### Requirement
Transcribe only what runs from the line containing "简约清新橙红色楼塔日本旅游装饰元素" through the final line below, exactly, and leave every picture out.

### Given data
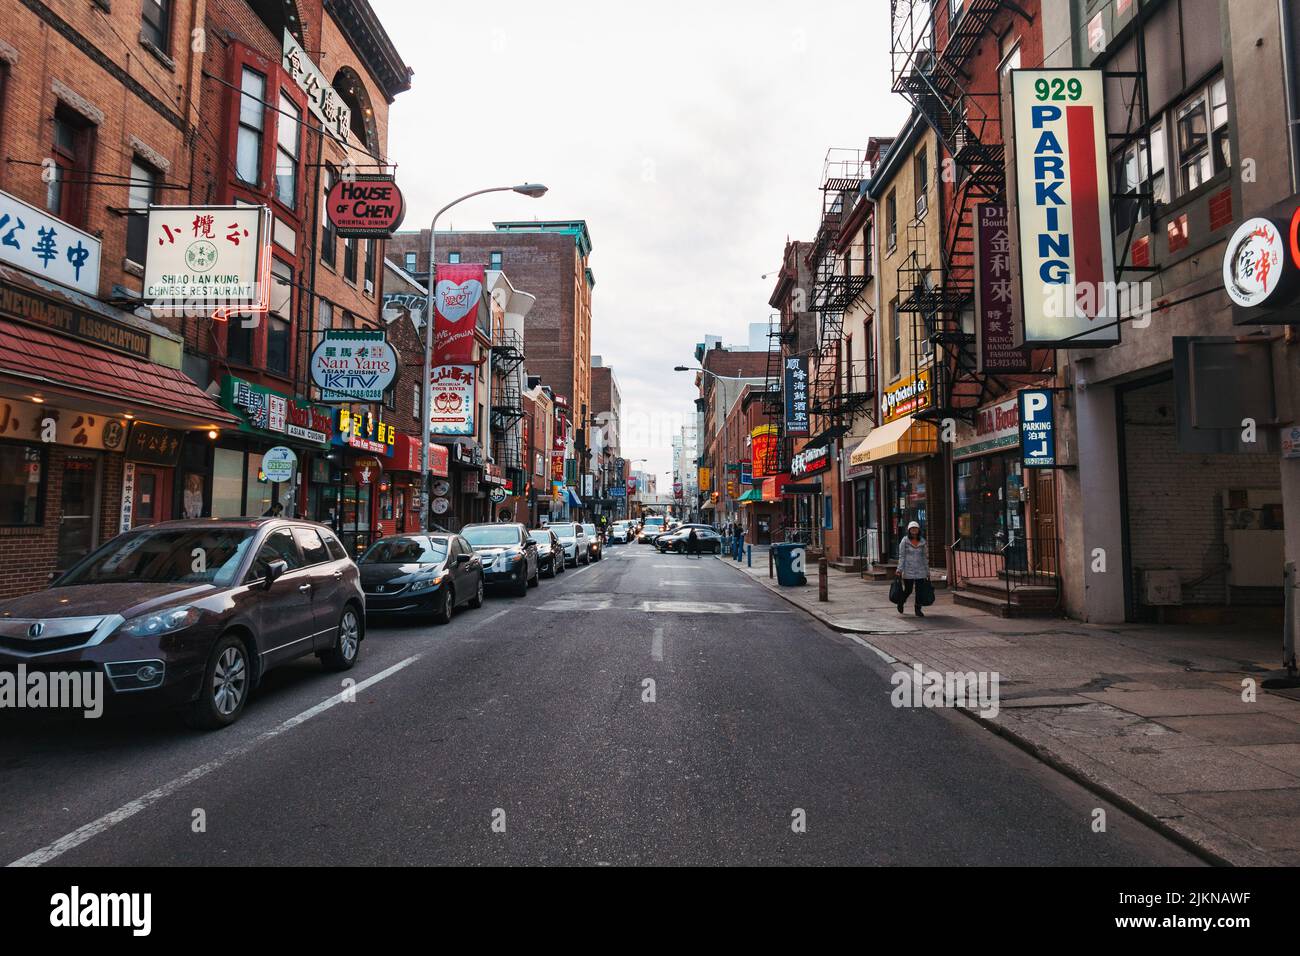 Mirando hacia abajo una calle de la ciudad en Chinatown, Filadelfia, EE.UU Foto de stock
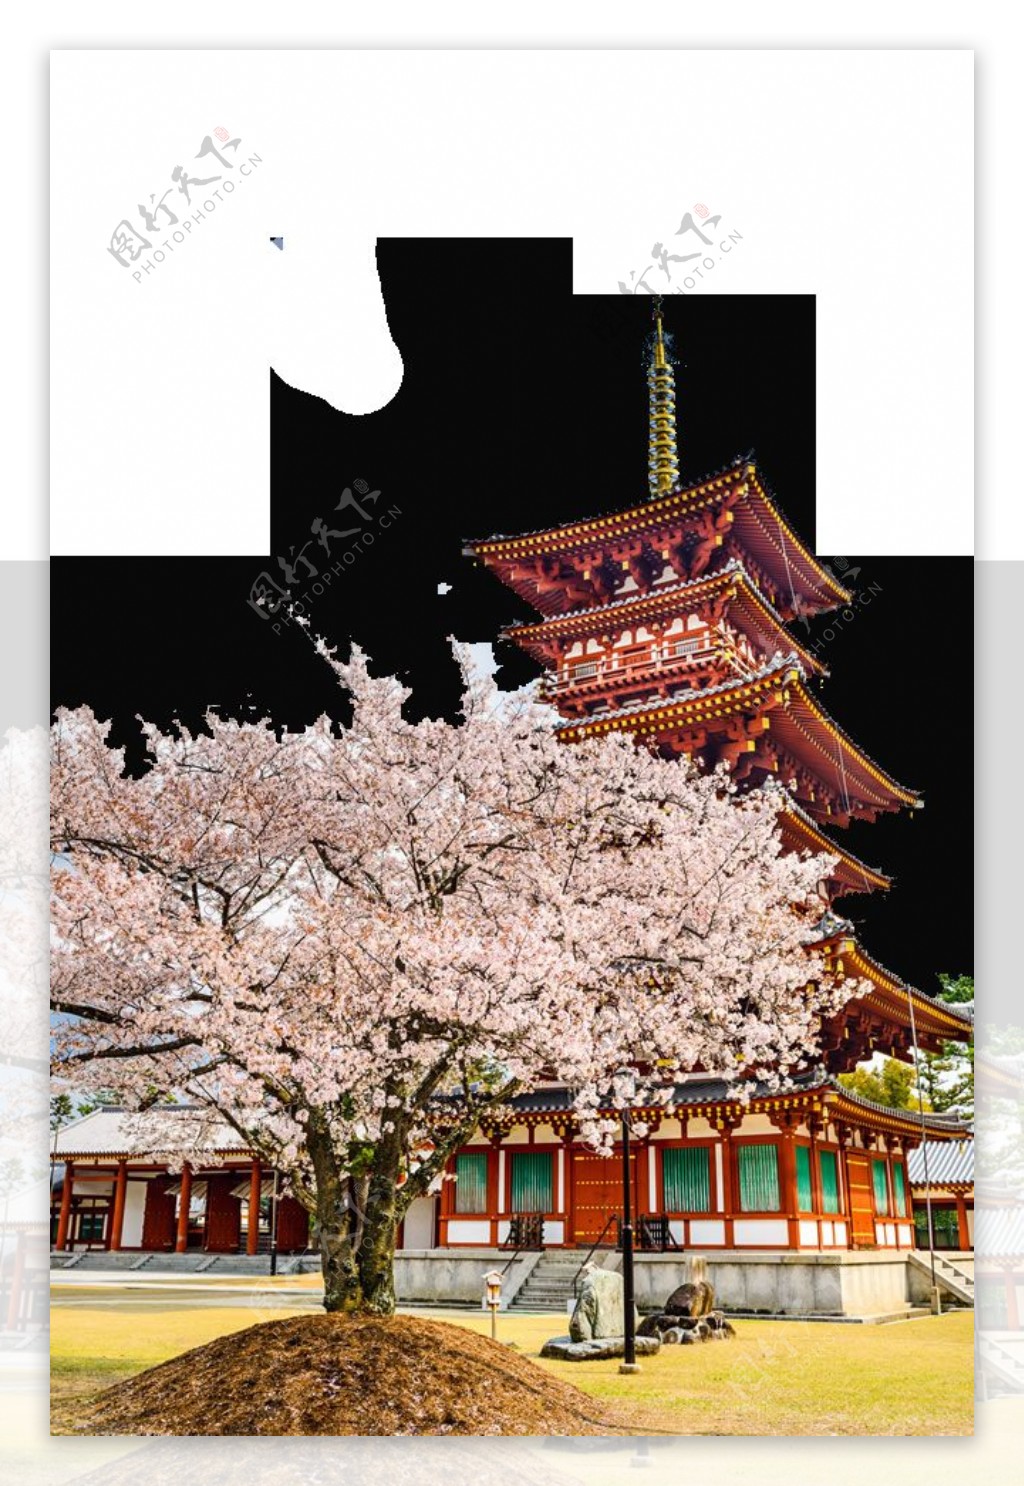 简约清新橙红色楼塔日本旅游装饰元素
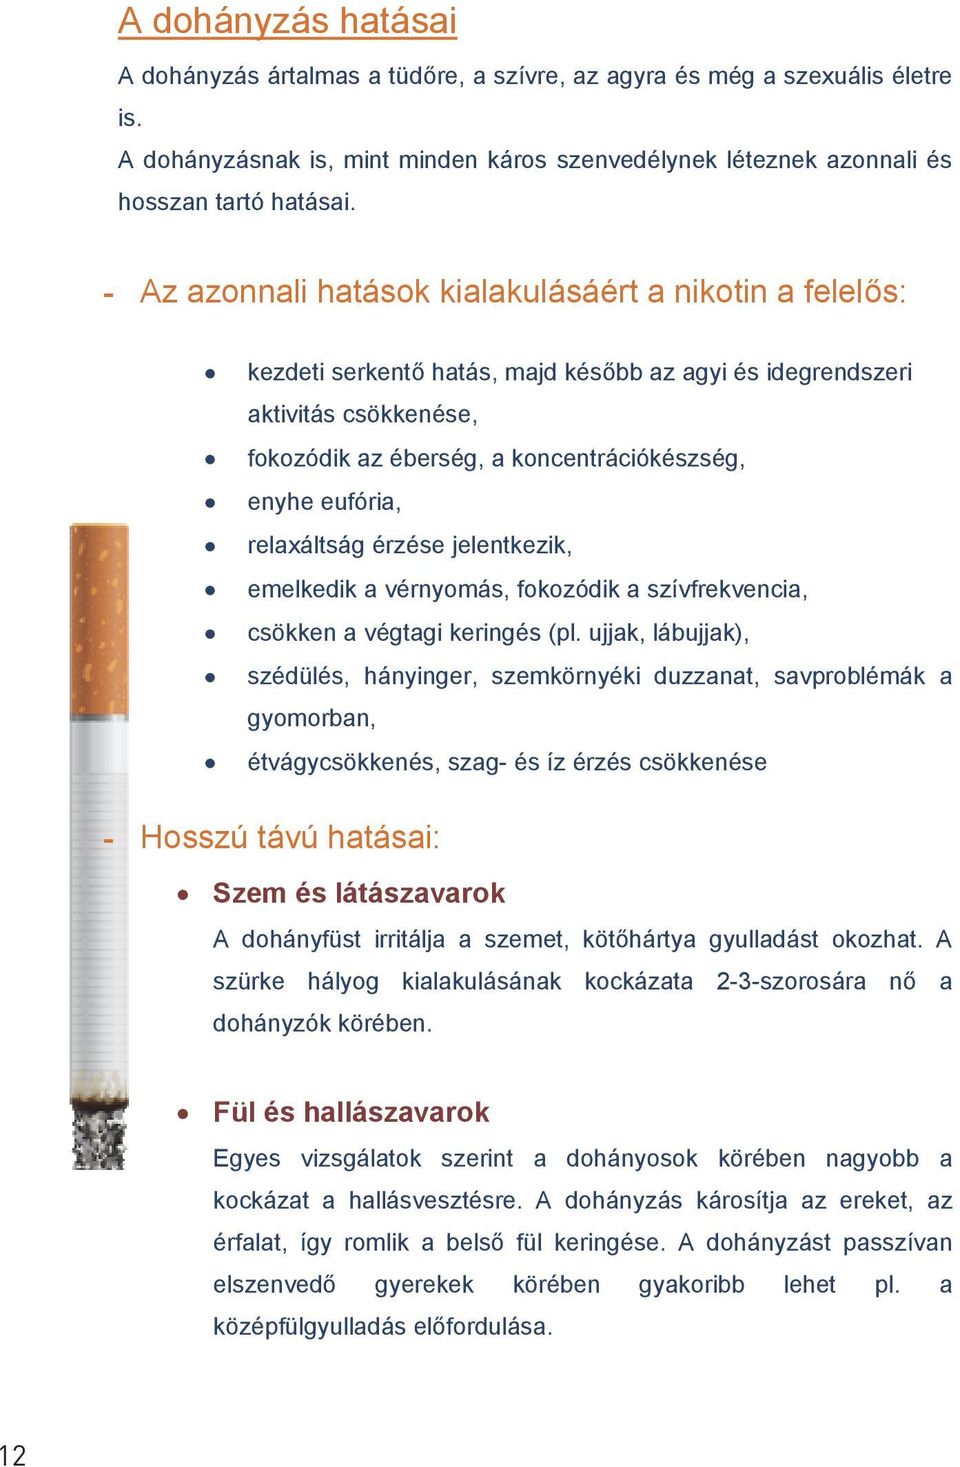 hogyan lehet leszokni a dohányzásról egy cégnél

### Answer box
 简约清新橙红色楼塔日本旅游装饰元素
 hogyan lehet leszokni a dohányzásról egy cégnél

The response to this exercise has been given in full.